STORED DATA:
--- --- ---
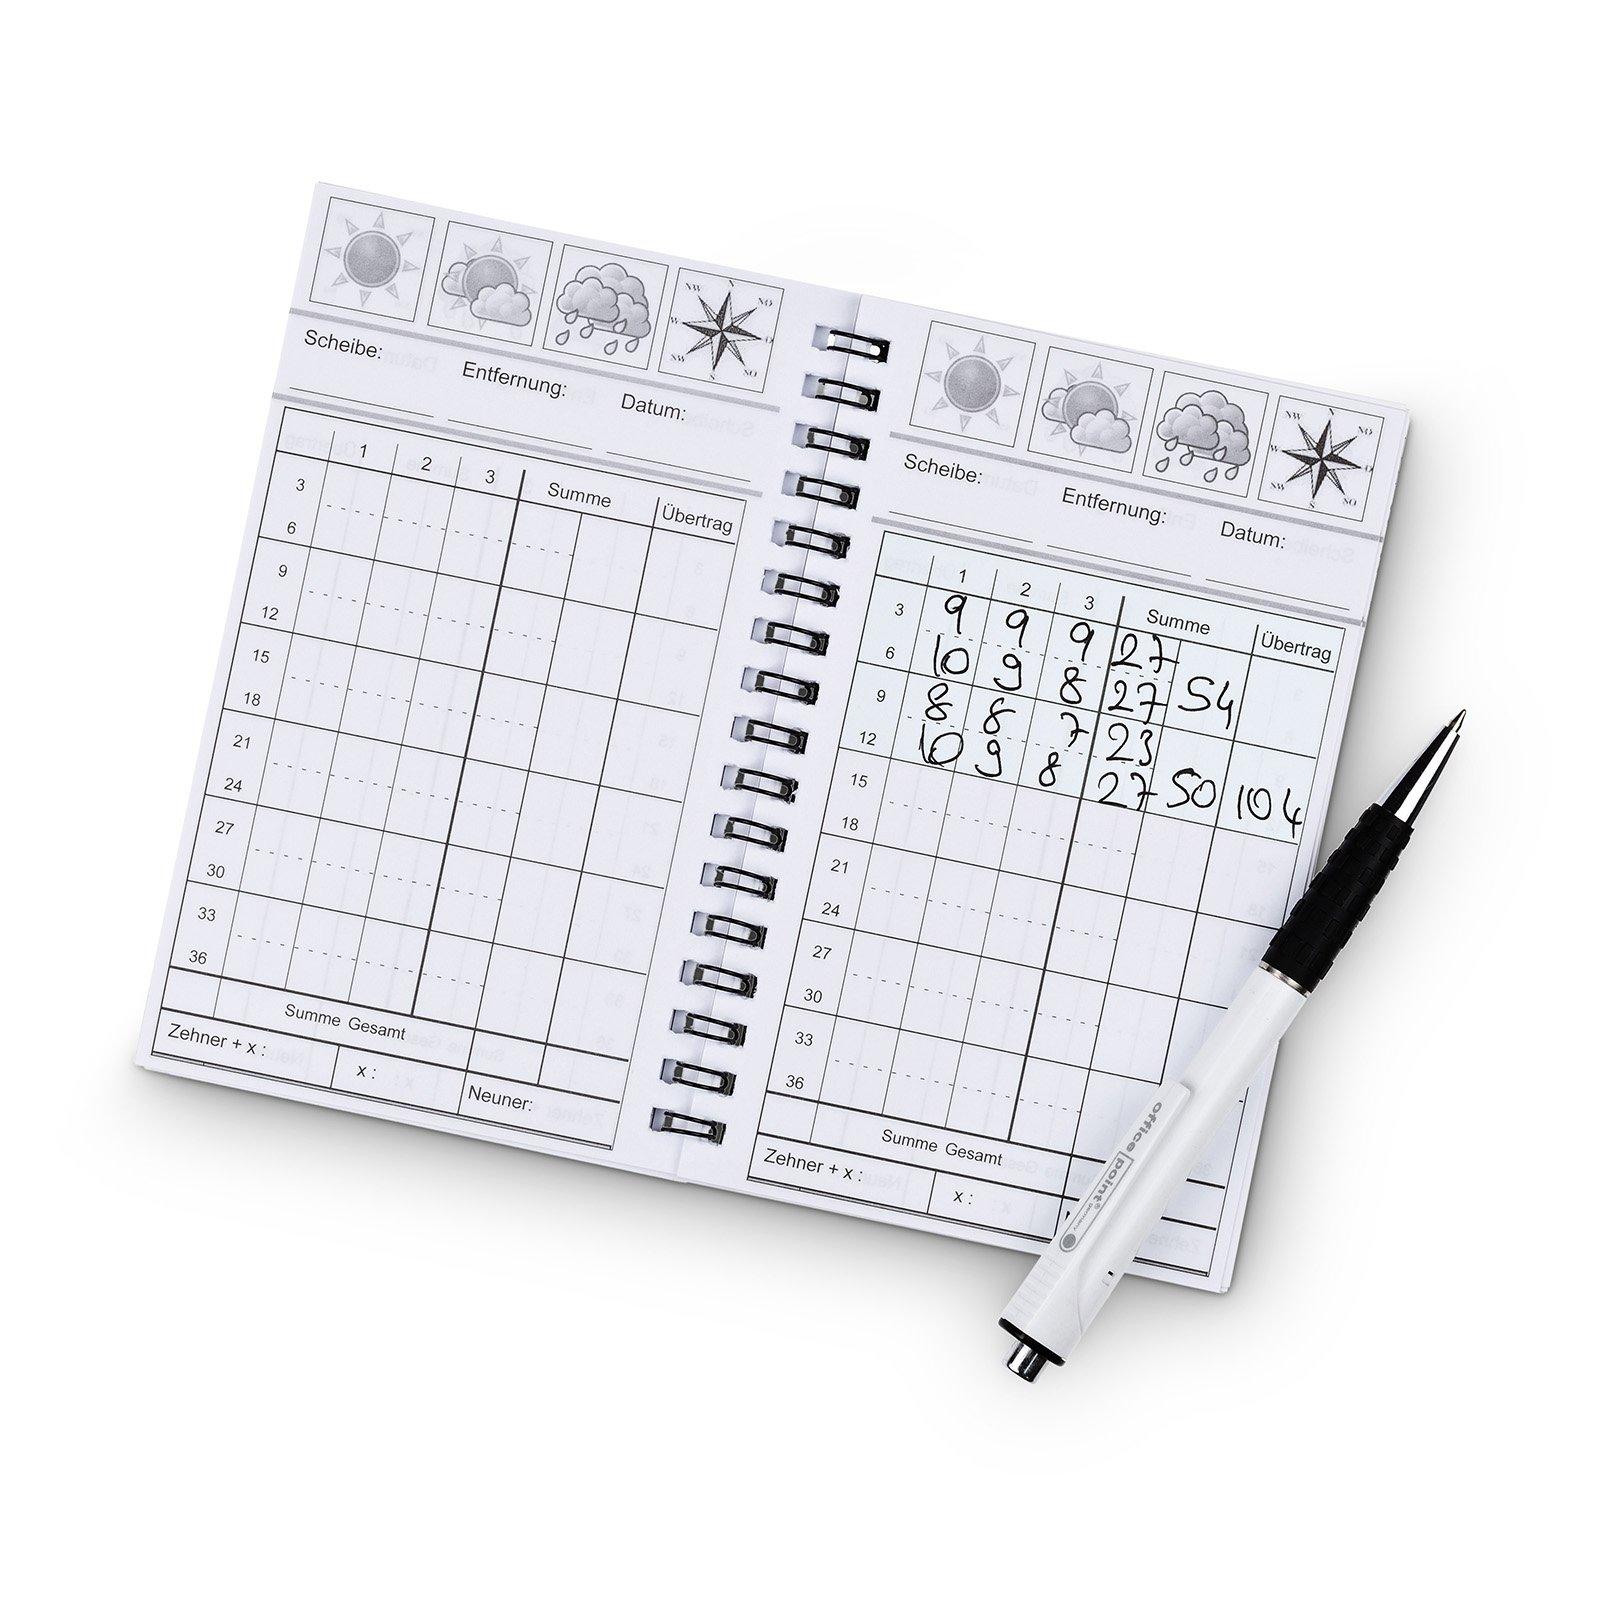 est Scorebook Schießbuch, Scorebook - est-bogensport.de
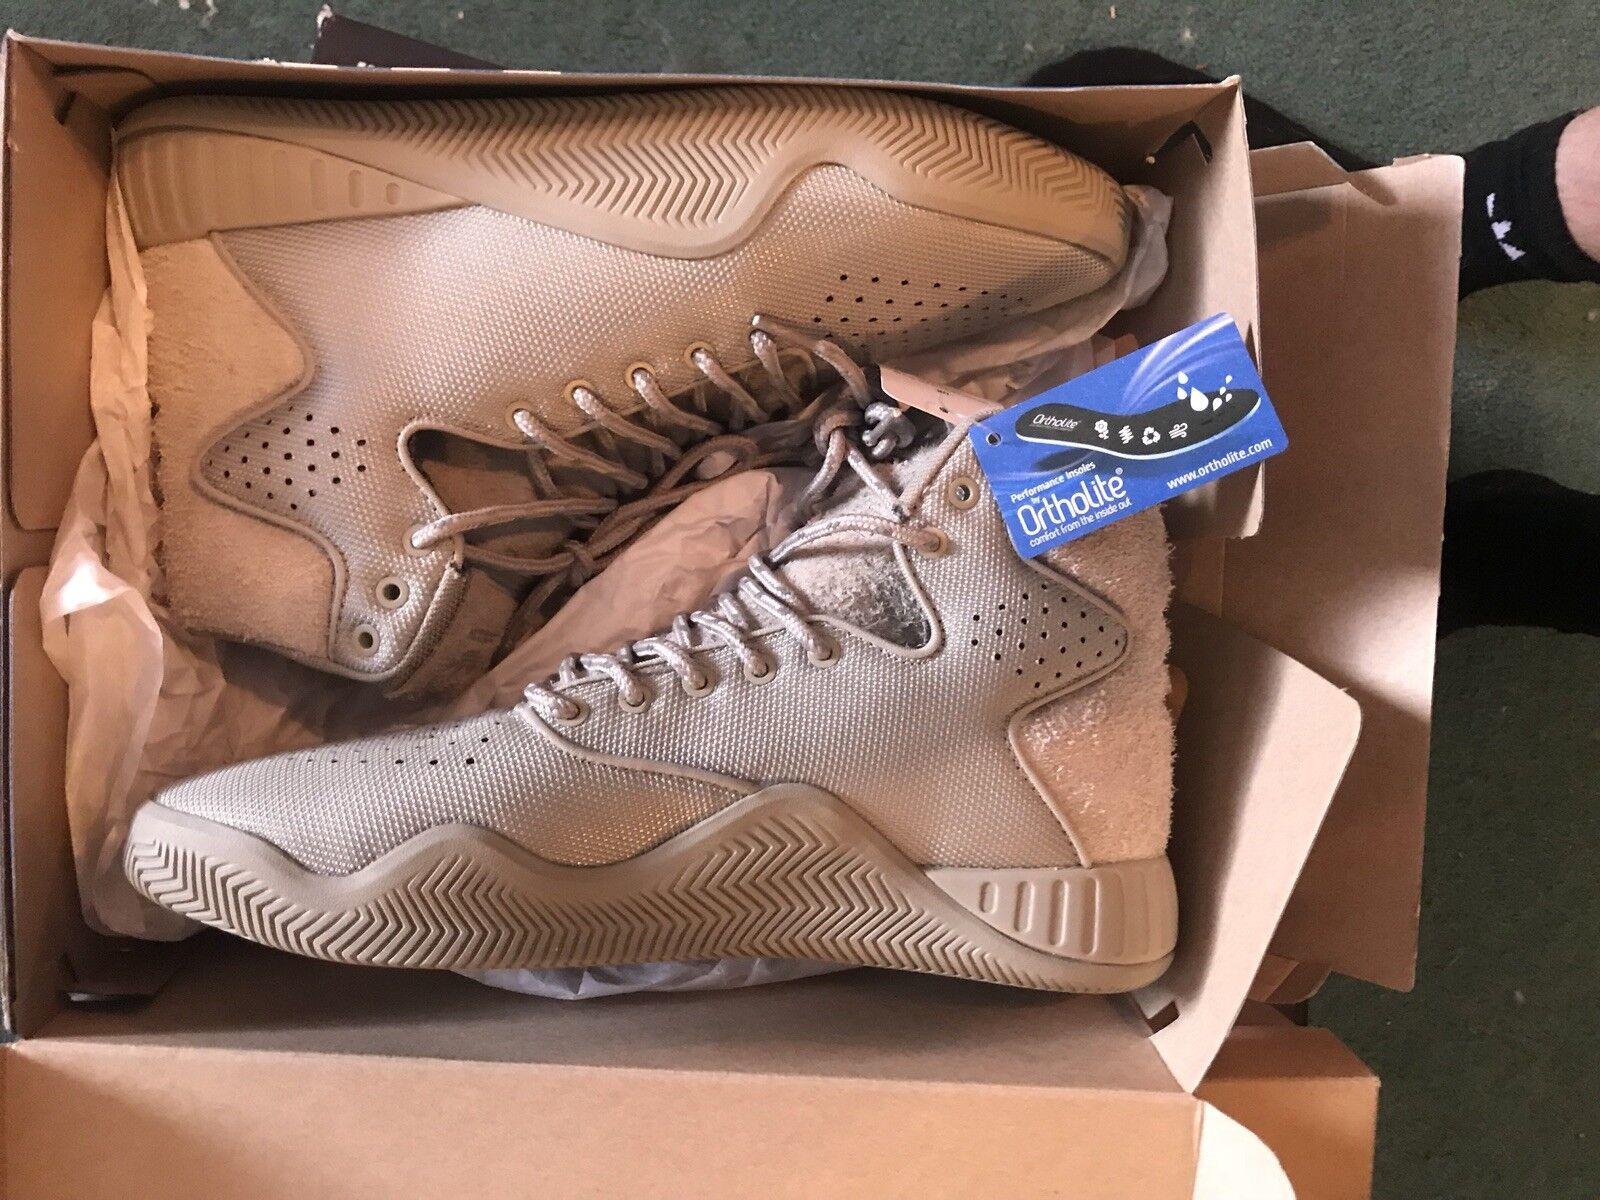 Adidas Tubular BB2386 Mens High Top shoes Desert Green US 9.5  3 New
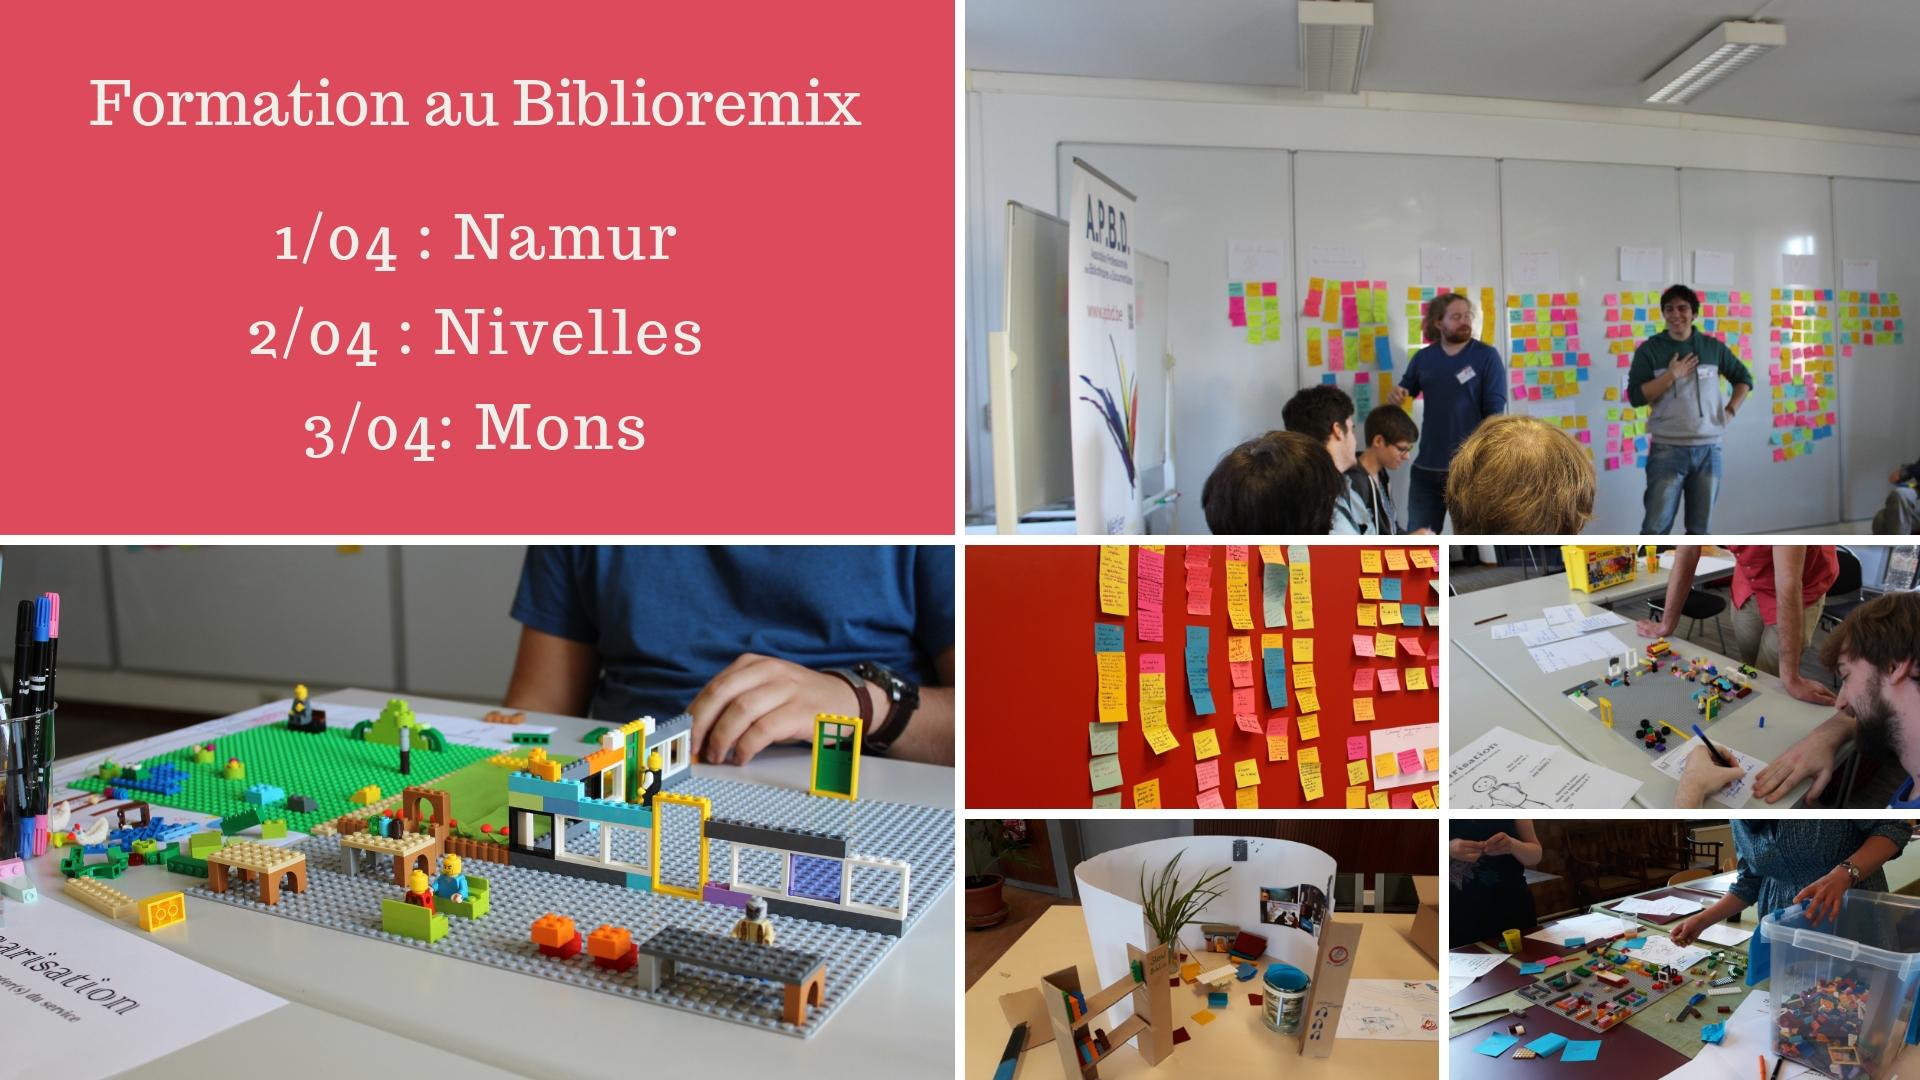 Formation-Biblioremix14-_01_-Namur15_01-_-Nivelles16_01_-Mons-1
--- --- ---
YOUR OBJECTIVE: Write out the material above once more, word for word. Images stay out.

YOUR RESPONSE:
 est Scorebook Schießbuch, Scorebook - est-bogensport.de
 Adidas Tubular BB2386 Mens High Top shoes Desert Green US 9.5  3 New
 Formation-Biblioremix14-_01_-Namur15_01-_-Nivelles16_01_-Mons-1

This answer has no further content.